Suppose you have three kinds of coins, say: pennies, nickels, and dimes. Each penny has a unique date, likewise for nickels and dimes. (A penny and a nickel may have the same date, etc.) How many ways can you line up the coins in order of date by type? In other words: How many ways can you line up the coins such that if you look at any two coins of the same type, they will be in the correct order by date? (You do not care if two coins of different types are out of order by date.)
The coins are just scaffolding of course. And, I'm interested in more general cases but this was hard enough alread to warrant a question in my mind. So, once again:
Given $3$ sets, $A, B, C$ (with sizes $|A|,|B|,|C|$ respectively) each with a total order, but no "inter-set" order, this defines a partial order on $A\cup B \cup C$. How many permutations of the elements of $A\cup B \cup C$ respect this partial order?
For in the case of only two sets, say $C = \{\}$, The answer is easily seen to be ${|A|+|B| \choose |A|}={|A|+|B| \choose |B|} $. But I don't know how to generalize this to three (or more) sets. I've written some code that can easily compute these counts for smallish sets but I can't see the pattern. Help!

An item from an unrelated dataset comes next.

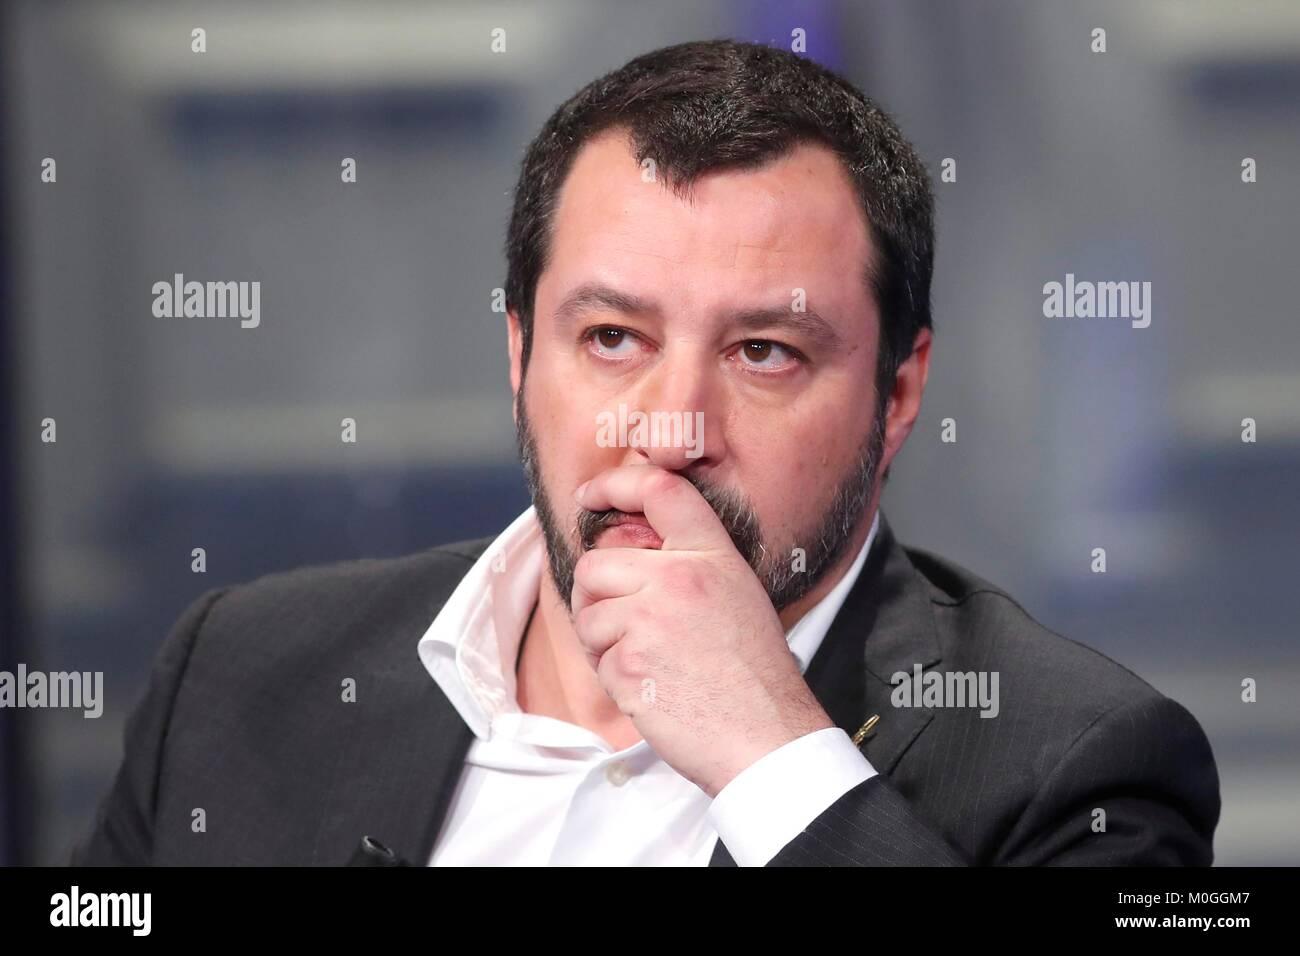 Italy, Rome, 19 January, 2018 : The leader of  Movement Lega Nord, Matteo Salvini at the talk show 'Porta a - Stock Image

This is a generalization of a question I read on this site that I am now unable to find. If you know it, or can find it, please link it! (that question basically asked about two kinds of items) Thanks.
With disjoint sets of sizes $a$, $b$, and $c$ the number of ways is the multinomial coefficient $$\dbinom{a+b+c}{a,b,c}=\frac{(a+b+c)!}{a!b!c!}.$$
Remark: To see this, note that we are looking for the number of "words" of length $a+b+c$ that have $a$ A's, $b$ B's, and $c$ C's.
The location of the A's can be chosen in $\binom{a+b+c}{a}$ ways. For each such way, the location of the B's can be chosen in $\binom{b+c}{b}$ ways, for a total of $\binom{a+b+c}{a}\binom{b+c}{b}$. Express this in terms of factorials, and you will get the formula of the answer.